The book contains a large quantity of fascinating biological information and descriptions of clever theoretical models, and will undoubtedly be a very useful resource for researchers in evolutionary biology. One question that it raises, however, is whether there is a useful general theory of conflict that can be applied painlessly to solve particular problems.
My impression is that there is not; I can see very little in common between, for example, the application of ESS theory to parent—offspring conflict, and the use of population genetic dynamic modelling to study transposable elements or segregation distorters. The generalizations that are provided in the overview papers are, inevitably, bland and not very informative. I also have the impression that different topics are at very different levels of scientific development, in the sense of confronting theories with tests.

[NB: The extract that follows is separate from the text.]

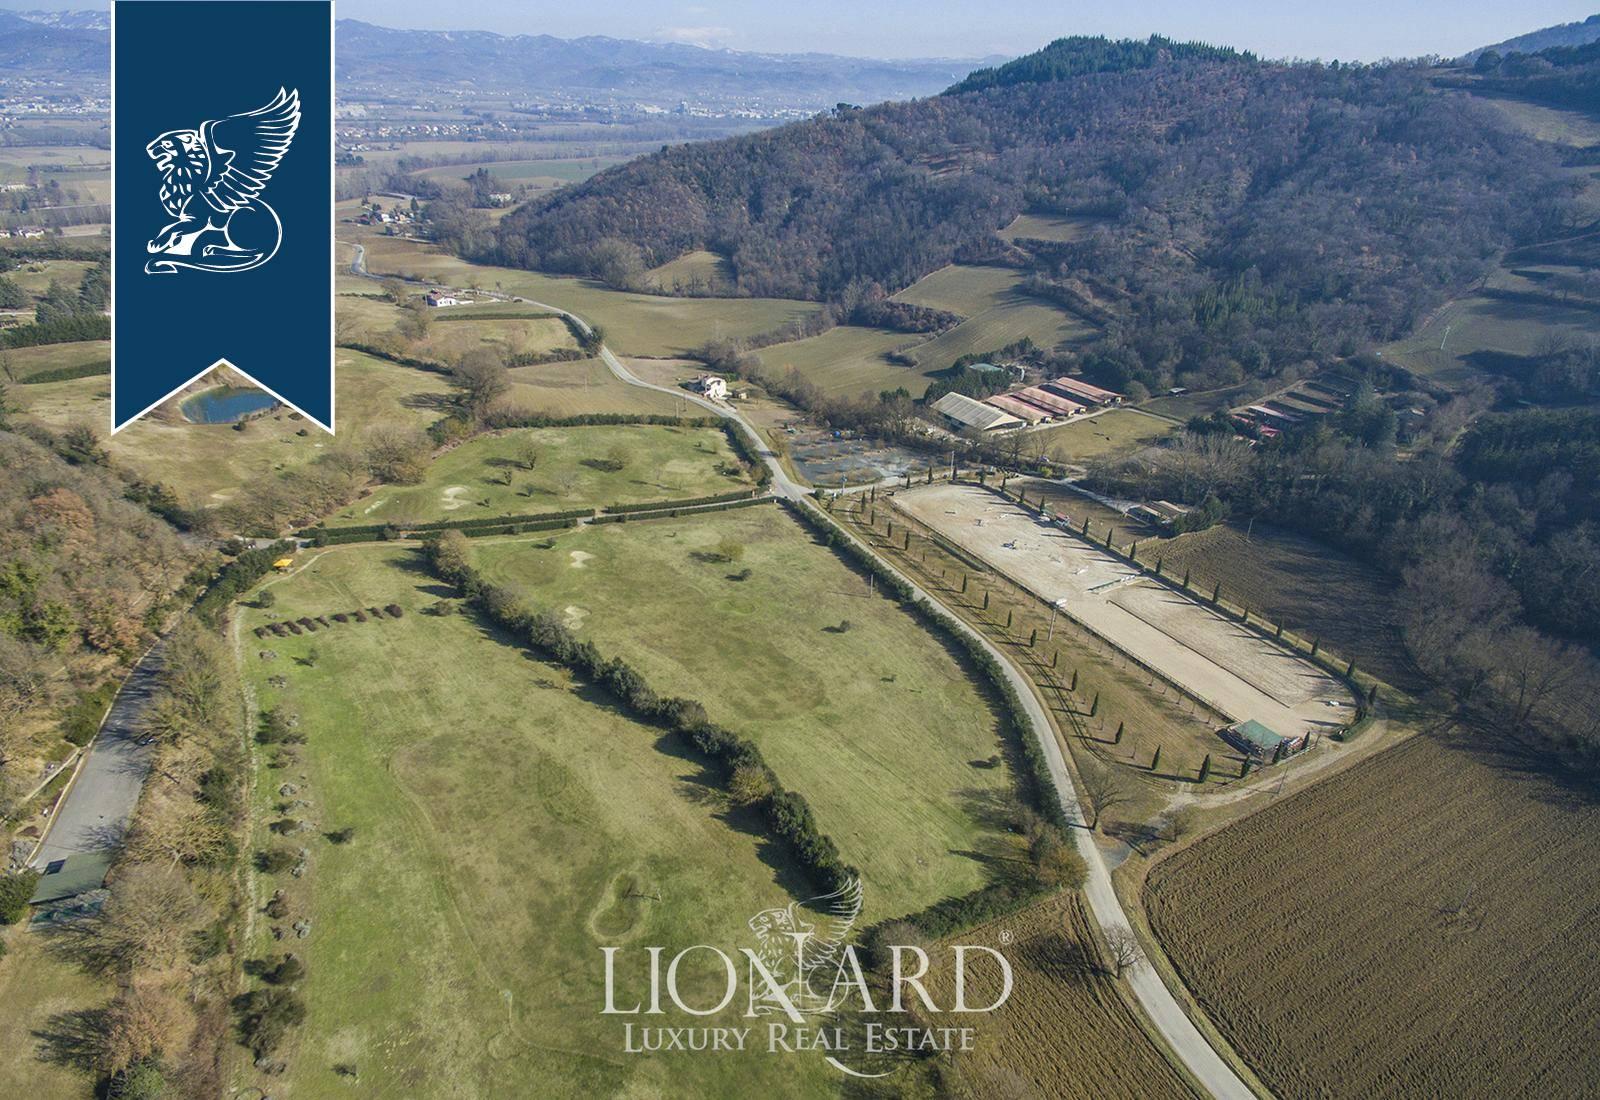 Agriturismo in Vendita a Citta' Di Castello: 0 locali, 1500 mq - Foto 6

Topics such as sex ratio distortion and worker conflict in insect societies seem to be in a healthy state, where details of biology can be successfully interpreted by plausible models. In contrast, I am not convinced that the discussions of the evolution of replicators and individuals, at one extreme, or human language at the other, are more than ingenious speculation, with little hope at present for hypothesis testing. It is interesting that different authors contradict each other on some of these topics; Michod, for example, accepts the role of hypercycles in prebiotic evolution, whereas Szmathmary is critical.
Leigh believes that anisogamy arose to promote uniparental transmission of cytoplasmic organelles, whereas Lessells emphasizes the importance of the conflict between gamete number and gamete size. I would have liked to see this caution applied more widely; the development of hypotheses is essential for progress, but one should not confuse them with reality. Reprints and Permissions.